公式サイトにおいては国別の視聴方法として有料サービスが紹介されている(日本の場合はダゾーン)が、これまで行われた3試合については、ライブ映像、アーカイブ映像、ハイライト映像が全て公式サイトやYoutubeで無料で視聴可能となっている。

【関連記事】LIVゴルフの放送(無料)はどこで・いつみられるのか?

また第4戦からは日本のゴルフネットTVが公式チャンネルとして、日本語解説も行っている。

2022年LIVゴルフスケジュール

PGAをはじめとする伝統の団体との強烈な軋轢とともに、ゴルフに全く新しい風をもたらしつつあるLIVゴルフ。
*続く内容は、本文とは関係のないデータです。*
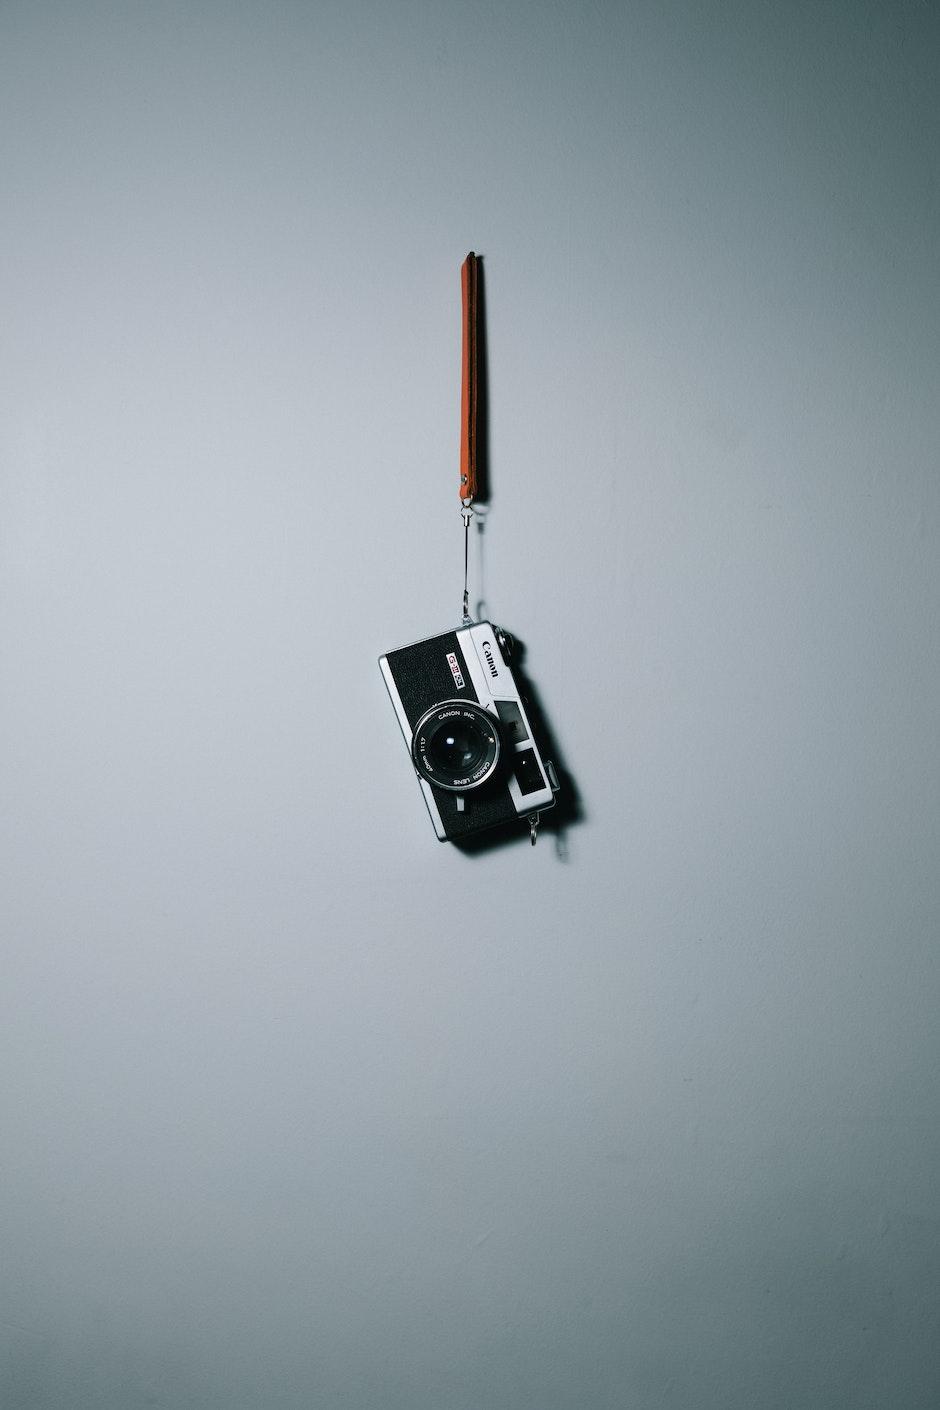 analog camera, camera, canon

2022年は以下8試合が予定されている。

6/9~6/11 開幕戦:ロンドン(英国)センチュリオンククラブ

6/30~7/2 第2戦:ポートランド(米国)パンプキンリッジゴルフクラブ

7/29~7/31 第3戦:ベッドミンスター(米国)トランプナショナルゴルフクラブ

9/2~9/4 第4戦:ボストン(米国)ザ・インターナショナル

9/16~9/18 第5戦:シカゴ(米国)リチャードハーベストファームズ

10/7~10/9 第6戦:バンコク(タイ)ストーンヒル

10/14~10/16 第7戦:ジッダ(サウジアラビア)ロイヤルグリーンズゴルフ&カントリークラブ

10/27~10/30 第8戦【プレーオフ】:マイアミ(米国)トランプナショナルドラルゴルフクラブ

第7戦終了後のビッグボーナスとプレイオフ

第7戦が終了した段階で、個人成績TOP3の選手には追加のビッグボーナスが用意されている。

7戦までの個人1位1800万ドル約25億2,000万円
7戦までの個人2位800万ドル約11億2,000万円
7戦までの個人3位400万ドル約5億6,000万円

また第8戦は「チームプレイオフ」という形で、トーナメント形式のチーム戦が行われることになっている。

ここでも巨額の賞金が用意されている。

最終戦12位のチーム賞金100万ドル1人あたり3,500万円
最終戦11位のチーム賞金120万ドル1人あたり4,200万円
最終戦10位のチーム賞金140万ドル1人あたり4,900万円
最終戦9位のチーム賞金160万ドル1人あたり5,600万円
最終戦8位のチーム賞金180万ドル1人あたり6,300万円
最終戦7位のチーム賞金200万ドル1人あたり7,000万円
最終戦6位のチーム賞金225万ドル1人あたり7,875万円
最終戦5位のチーム賞金250万ドル1人あたり8,750万円
最終戦4位のチーム賞金275万ドル1人あたり9,625万円
最終戦3位のチーム賞金300万ドル1人あたり1億500万円
最終戦2位のチーム賞金800万ドル1人あたり2億8,000万円
最終戦 優勝のチーム賞金1600万ドル1人あたり5億6,000万円

2022年、ゴルフ界はLIVゴルフという黒船によって大きな転換を迎えているのである。